Heat the canola oil and add the flour, stirring to make a roux.
Add the green enchilada sauce and the chicken broth, stir, and let simmer for one minute. Turn off the heat.
In the bottom of a roasting dish, spread a thin layer of the sauce.
Fill the tortillas, one at a time, with about ¼ cup of pork and a big pinch of shredded cheese.
Roll the tortillas up tight and place them in the pan seam side down.
When the pan is full, with the enchiladas nestled close together, pour the remaining sauce over the to
p and then sprinkle with about 1 cup of cheese.
Bake until bubbling, about twenty minutes.
Add the diced onion and cilantro, if desired.
Serve with dollops of sour cream.
NOHO CHICKEN ENCHILADAS
I used to make chicken enchiladas from a recipe I saw in Glamour magazine. I’ve lost the recipe, but I still remember the secret ingredient—cream cheese!—that made them so good.

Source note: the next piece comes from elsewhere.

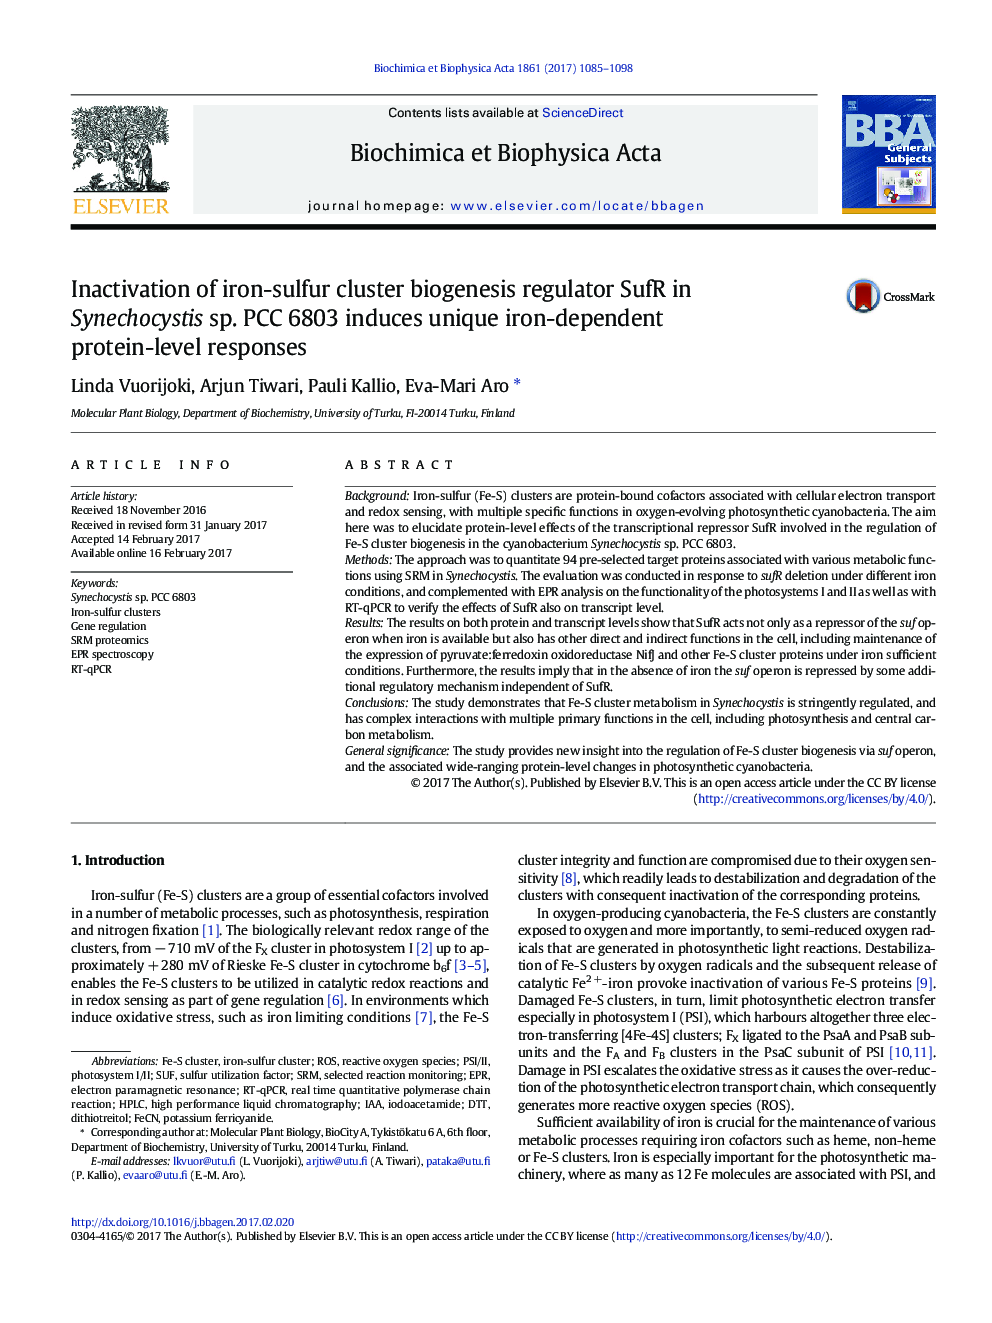 Inactivation of iron-sulfur cluster biogenesis regulator SufR in Synechocystis sp. PCC 6803 induces unique iron-dependent protein-level responses

Here’s my version of that recipe.
INGREDIENTS
4 to 5 chopped scallions, with some reserved for serving
1 small can chopped, roasted chiles
16 ounces cream cheese, softened
Corn tortillas
1 tablespoon canola oil
1 tablespoon flour
Green enchilada sauce, preferably Hatch
1 cup of chicken broth
Leftover chicken (at least 2 breasts), diced into bite-sized pieces
2 cups shredded cheese: cheddar, Monterey jack, or a combination; but please don’t use cheese with spices mixed into it
Sour cream
Preheat the oven to 350 degrees F.
In a bowl, mix most of the scallions (remembering to save some for serving) and the chiles into the softened cream cheese.